**Collected data**
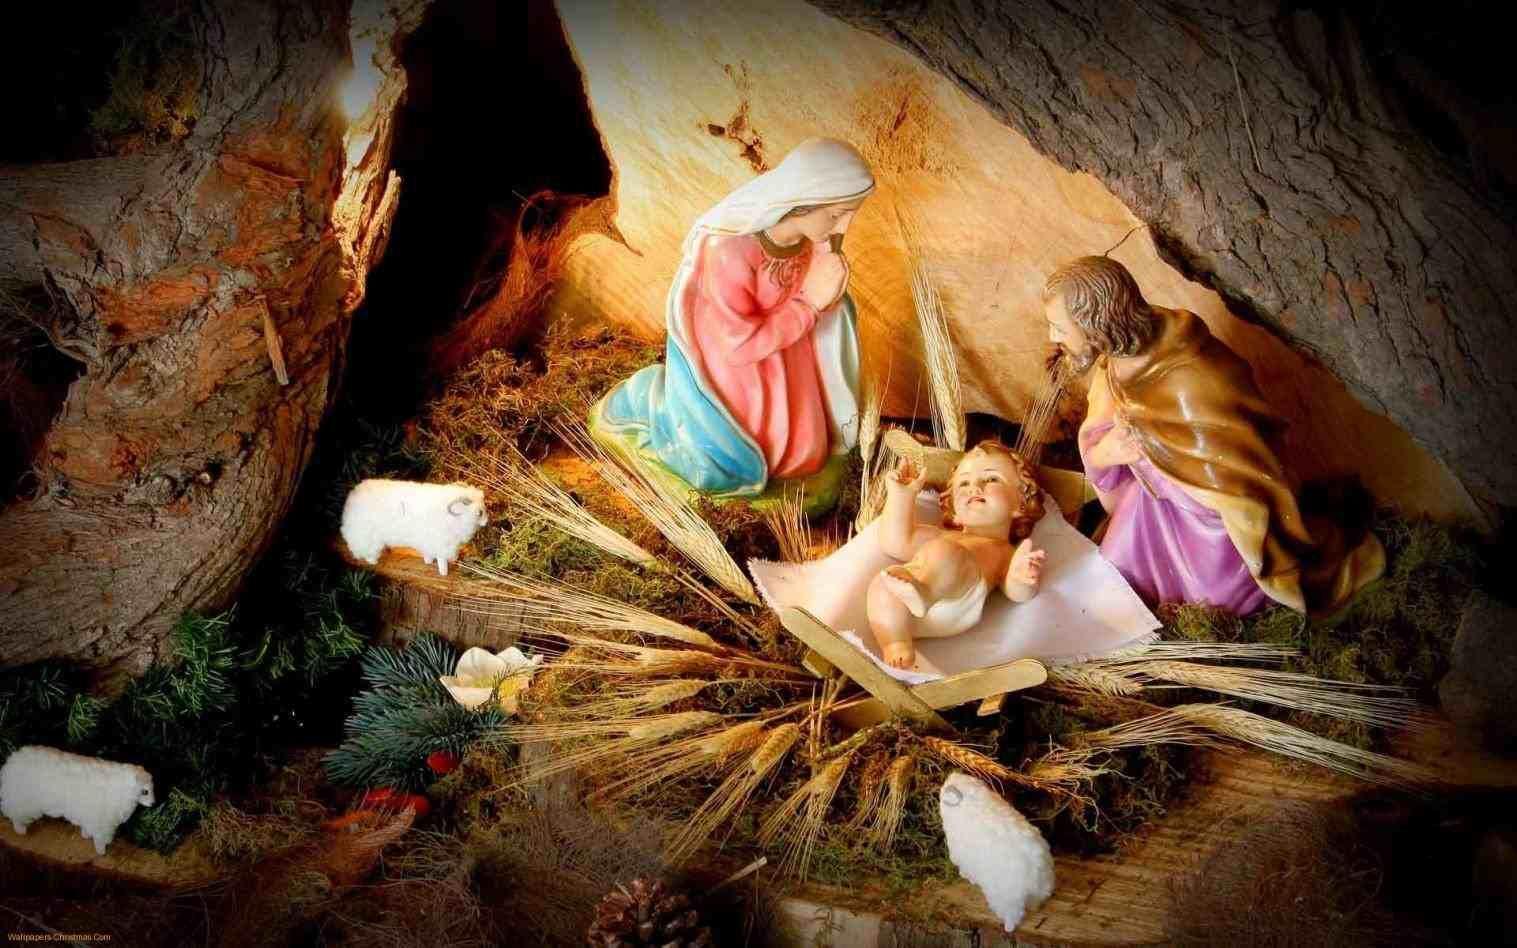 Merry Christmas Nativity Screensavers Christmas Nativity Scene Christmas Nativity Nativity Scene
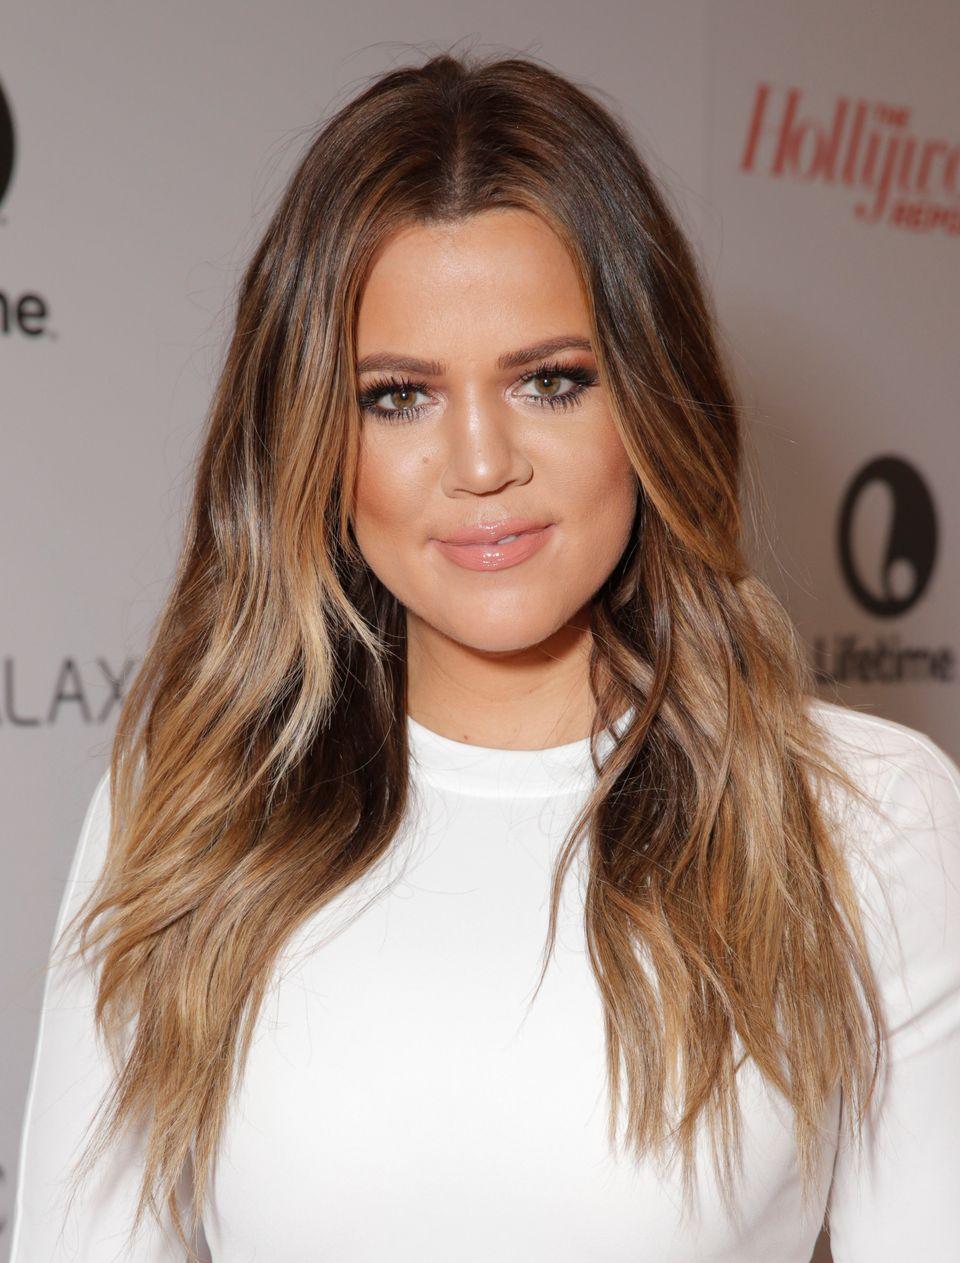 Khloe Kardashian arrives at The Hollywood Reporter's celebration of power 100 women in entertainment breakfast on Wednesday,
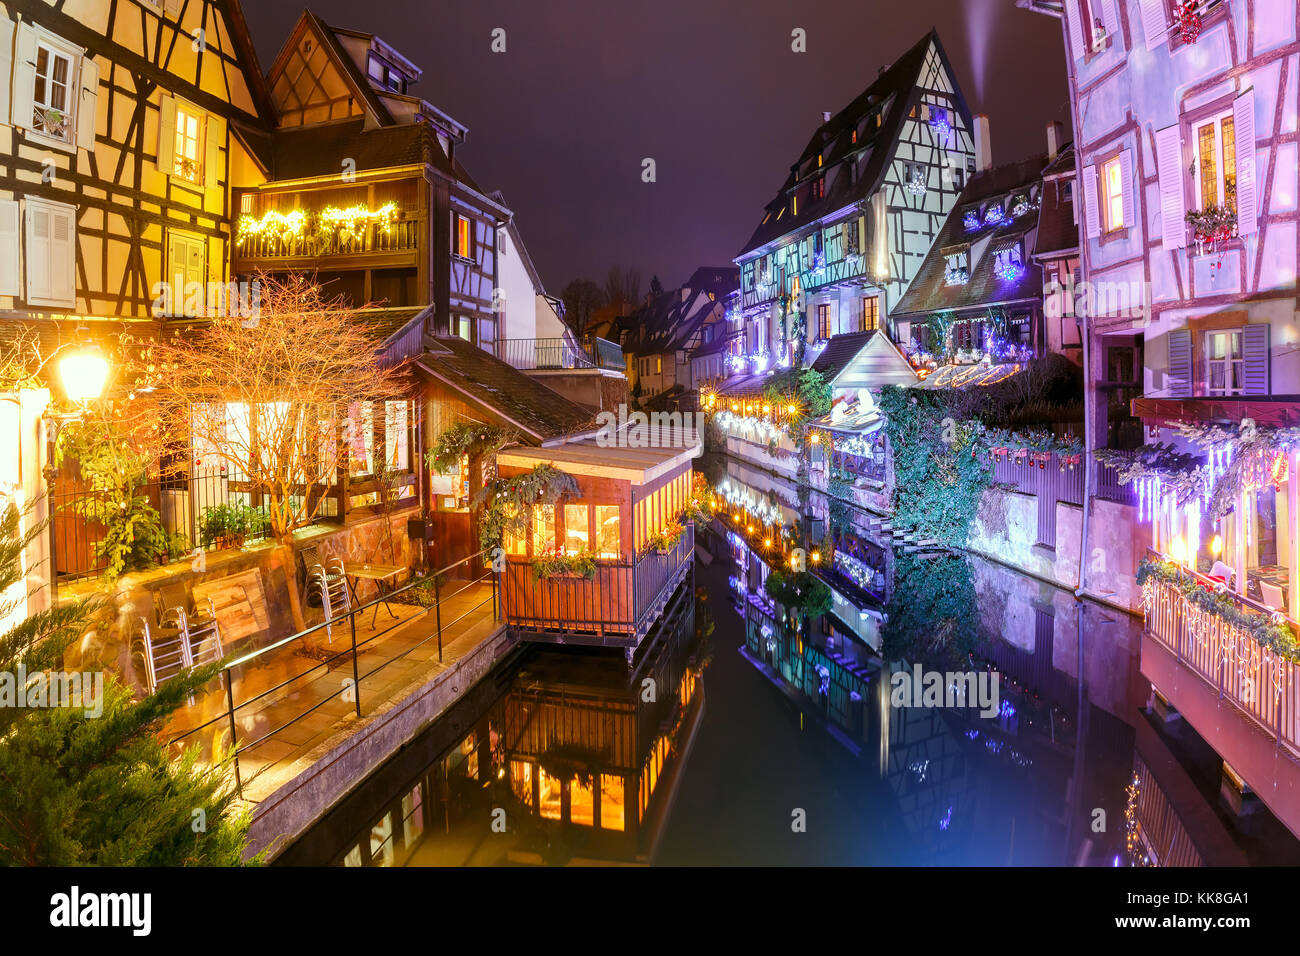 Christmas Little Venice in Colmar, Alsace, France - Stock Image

**Exercise directions**
With the pictures excluded, restate word for word each line from the one that contains "Khloe Kardashian arrives" through the last line of the listing above.

**Answer for this exercise**
 Khloe Kardashian arrives at The Hollywood Reporter's celebration of power 100 women in entertainment breakfast on Wednesday,
 Christmas Little Venice in Colmar, Alsace, France - Stock Image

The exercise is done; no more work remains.